Phosphorylated and hypoacetylated mutant p53 enhances cisplatin-induced apoptosis through caspase-9 pathway in the absence of transcriptional activation or translation

It is not completely understood how certain epithelial cells harboring mutant p53 have better response to chemotherapy. We investigate the mechanism of cisplatin-induced apoptosis in two resistant cell lines (parental TCCSUP and R273L mutant p53 transfectant) and two sensitive cell lines (V143A and N247I mutant p53 transfectants). Activation of caspase 9 was demonstrated by Western blotting, and specific inhibitor for caspase 9 could inhibit apoptosis.
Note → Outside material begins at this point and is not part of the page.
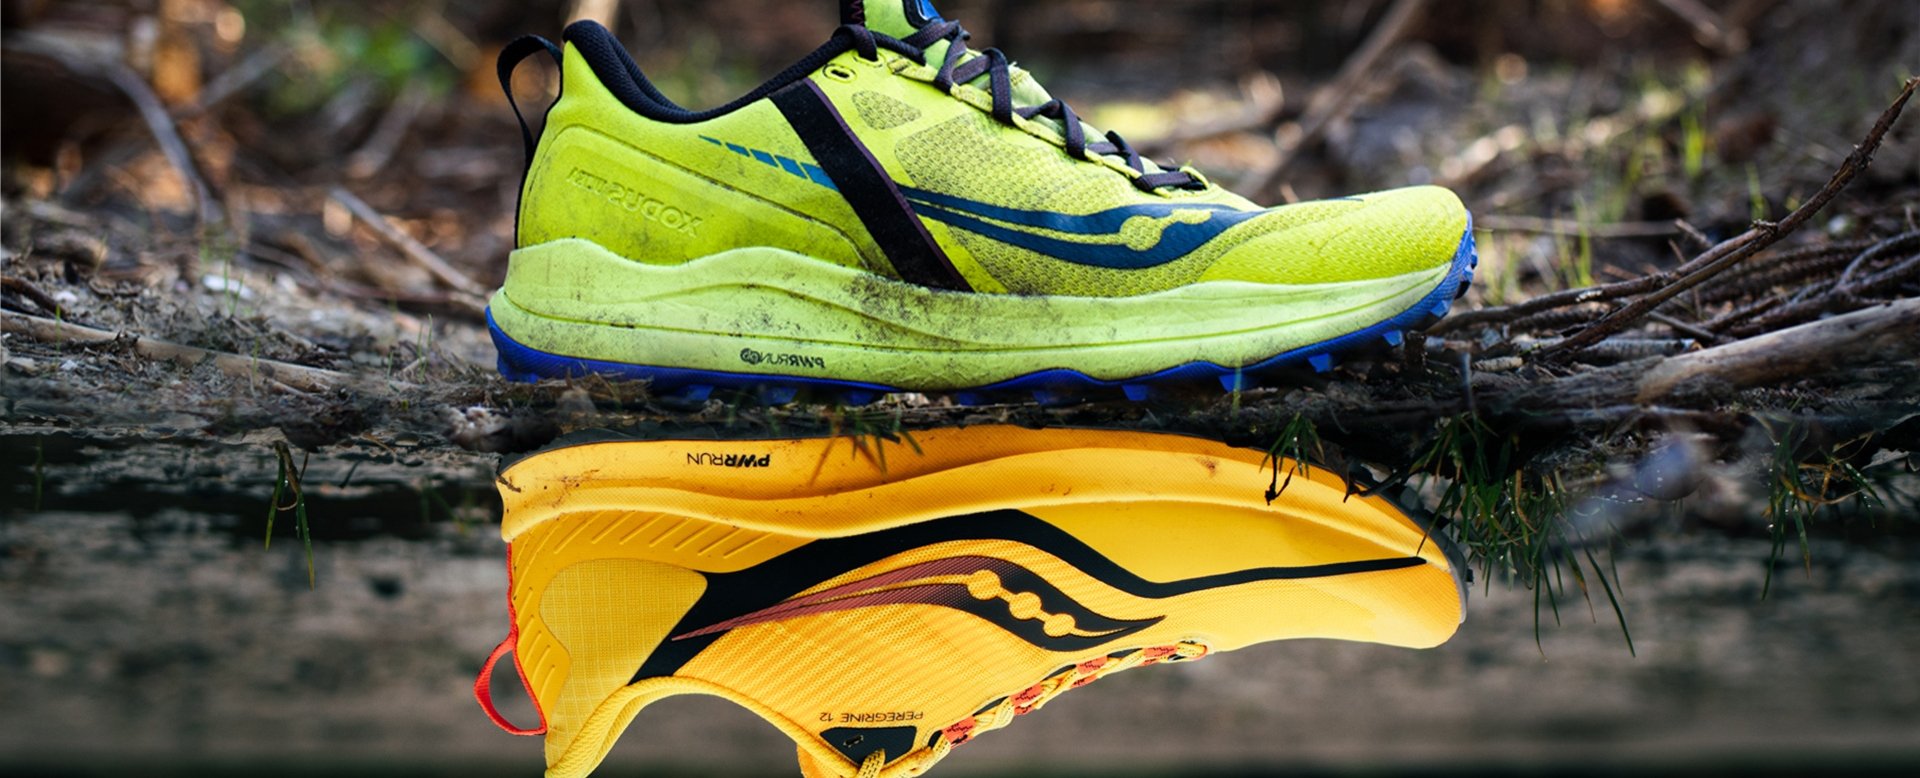 TEST: Saucony Xodus Ultra vs. Saucony Peregrine – See the differences -  Inspiration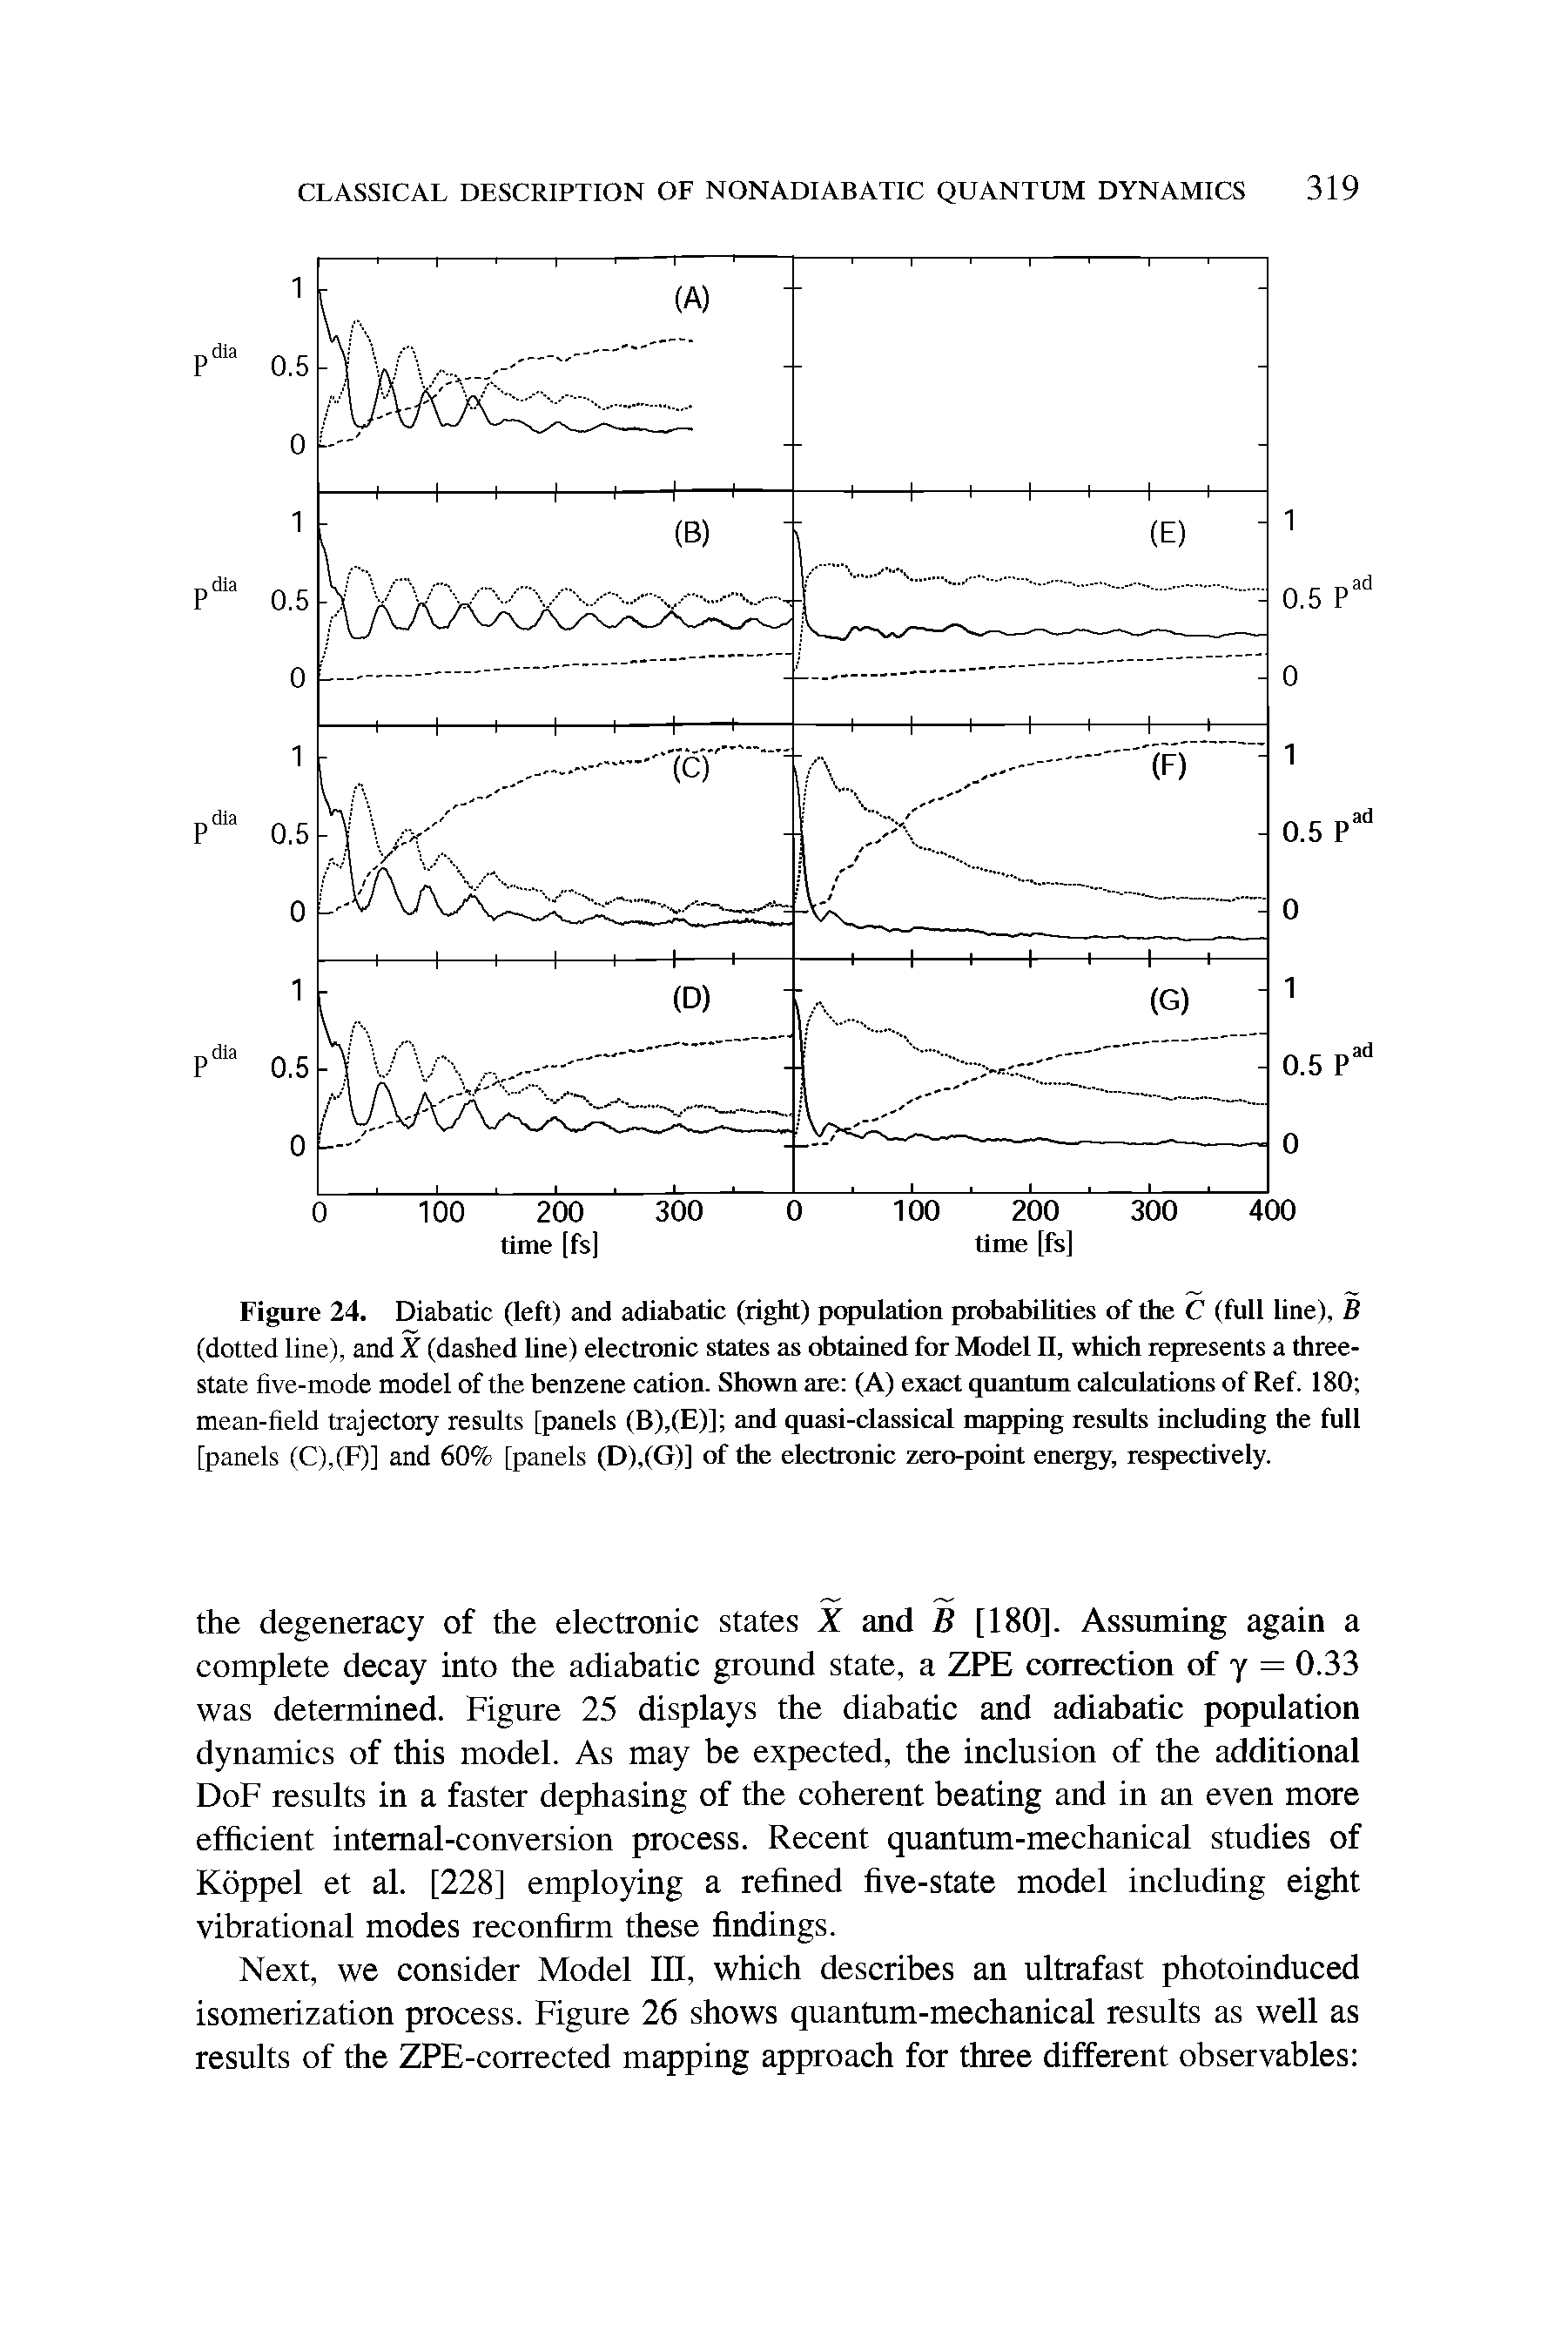 Figure 24. Diabatic (left) and adiabatic (right) population probabilities of the C (full line), B (dotted line), and X (dashed line) electronic states as obtained for Model II, which represents a three-state five-mode model of the benzene cation. Shown are (A) exact quantum calculations of Ref. 180 mean-field trajectory results [panels (B),(E)] and quasi-classical mapping results including the full [panels (C),(F)] and 60% [panels (D),(G)] of the electronic zero-point energy, respectively.

Inhibitors for caspases 1, 2, 6, and 8 had no effect on apoptosis. Transcriptional repression of Bcl-2 occurred during apoptosis and could be reversed by the treatment of histone deacetylase inhibitor trichostatin A (TSA). The expression of Noxa, p53 inducible ribonucleotide reductase subunit 2 (p53R2), and p53 inducible death domain (PIDD) gene were not elevated with treatment of cisplatin (CDDP). Surface trafficking of Fas or Fas-L was not observed. Ser15 of wild-type p53 and mutant p53 was phosphorylated in response to cisplatin. Acetylation of wild-type p53 increased, while acetylation of mutant p53 decreased during cisplatin treatment. Both transcriptional inhibitor actinomycin D and translational inhibitor cycloheximide did not inhibit apoptosis. These results indicated that phosphorylated and hypoacetylated mutant p53 could enhance cisplatin-induced apoptosis through activation of caspase 9 independent of transcriptional activation and translation.